Крейг поболтал пиво в стакане.
– Нет.
– Сейчас не время нос задирать, Джесс, – мрачно заметил Мерфи. – Ты так долго был вне игры, что, наверное, отстал от жизни. Кинематограф – это зона бедствия. Люди, получавшие семьсот пятьдесят тысяч долларов за картину, теперь согласны работать за пятьдесят. И не всегда находят работу.
– Ясно.
– Если тебе за тридцать, значит, ничего не светит. Все пытаются открыть новый талант: какого-нибудь неизвестного парнишку с длинными патлами, который бы сделал для них еще одного «Распутника» меньше чем за сотню. Просто помешались на этом.
– Это всего-навсего кино, Мерфи, – возразил Крейг. – Твое любимое развлечение. Не принимай его так близко к сердцу.
– Ничего себе развлечение, – буркнул Мерфи. – Но ты меня беспокоишь. Слушай, не хотелось бы вспоминать неприятное, особенно на отдыхе, но, насколько я знаю, у тебя неважно с зелеными…
– Что-то в этом роде, – признался Крейг.
– Твоя жена собрала адвокатов чуть не со всей страны, и парочка из них явилась в мой офис с судебным предписанием, чтобы просмотреть книги и убедиться, что я не перевел тебе тайком какие-нибудь денежки, которые она еще не прибрала к рукам. Кроме того, я узнал, что она требует половину твоего капитала плюс дом. А твои ценные бумаги… – Мерфи пожал плечами. – Я не хуже тебя представляю, как обстоят дела на бирже. И почти пять лет ты не получаешь никаких доходов. Черт возьми, Джесс, если я сумею пробить эту греческую штуку, обязательно заставлю тебя за нее взяться.
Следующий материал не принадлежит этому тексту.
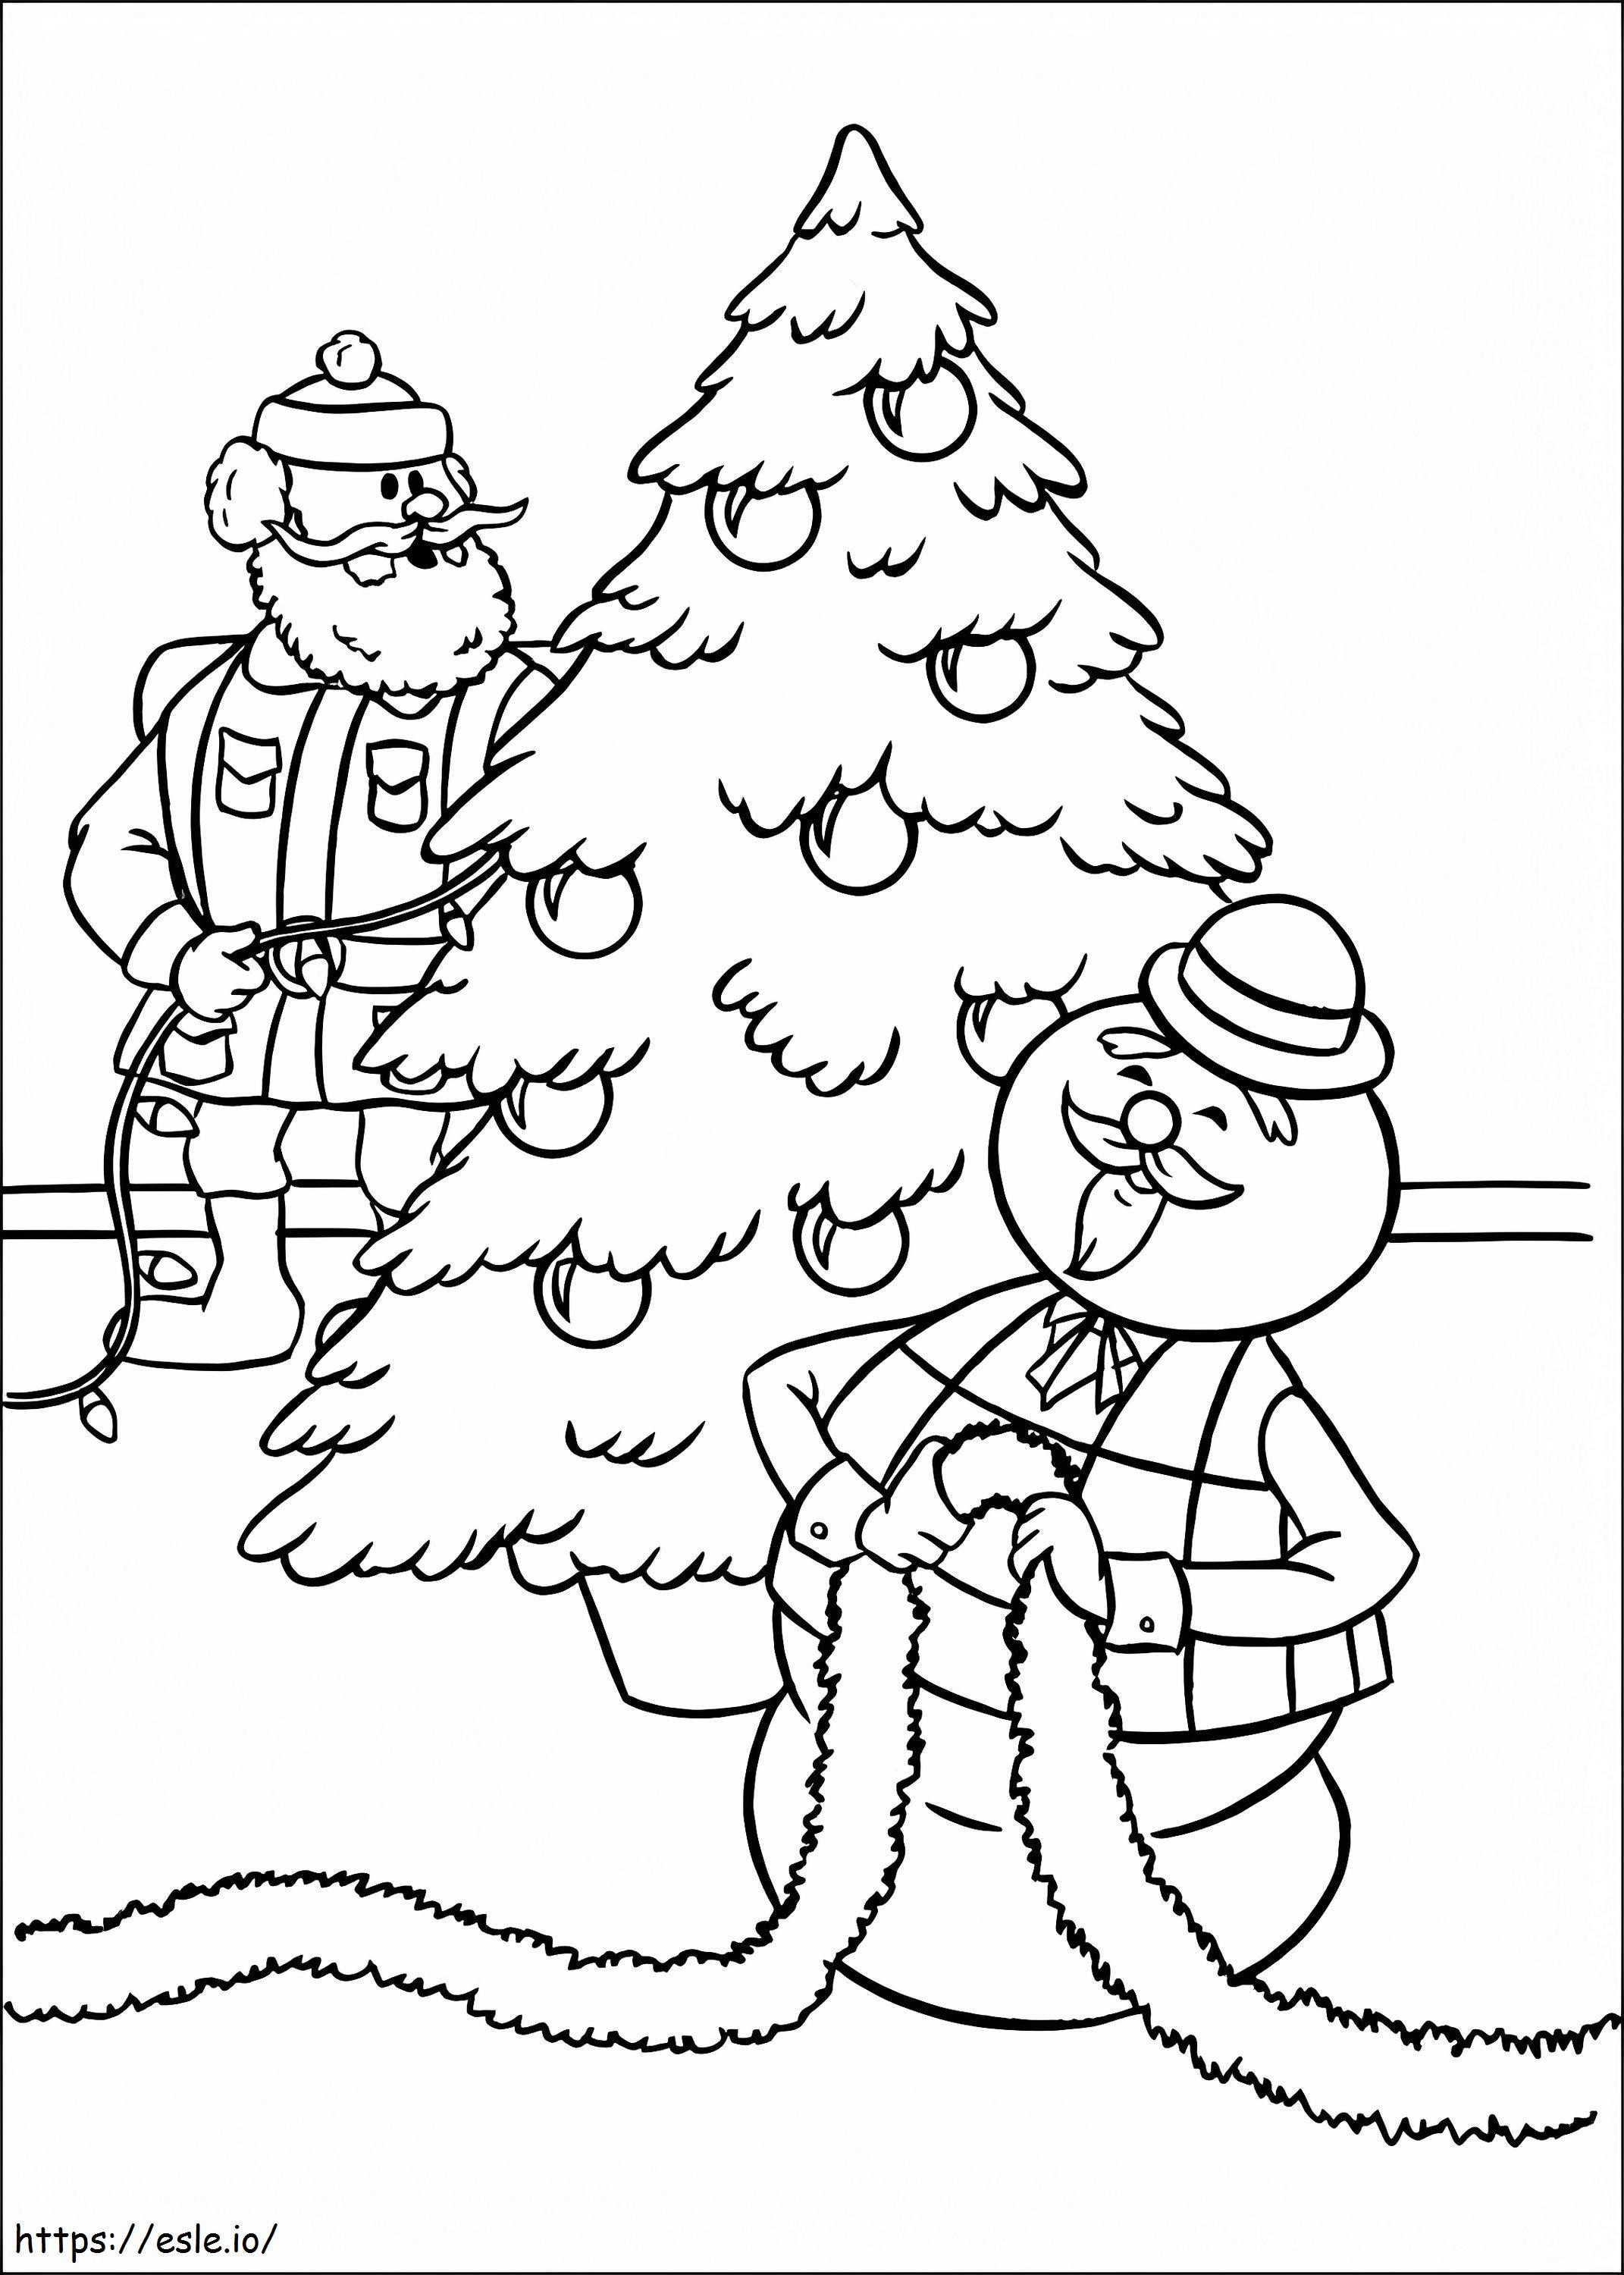 Sam The Snowman coloring page

Только чтобы перебиться, пока не подвернется что-то подходящее. Ты меня слушаешь?
– Конечно.
– С тобой говорить – все равно что вопить в пустыне, – обиделся Мерфи. – Слишком уж ты самолюбив, Джесс. Ну было у тебя несколько провалов. Подумаешь! А у кого не было? Узнав, что ты едешь в Канны, я пришел в восторг. Наконец-то, – сказал я, – он приходит в себя. Можешь спросить у Сони, она подтвердит. Но ты стоишь и смотришь сквозь меня, хотя я дело говорю. – Он залпом осушил бокал и потребовал еще. – В прежние времена стоило тебе набить шишек – и уже наутро новые идеи кипели ключом.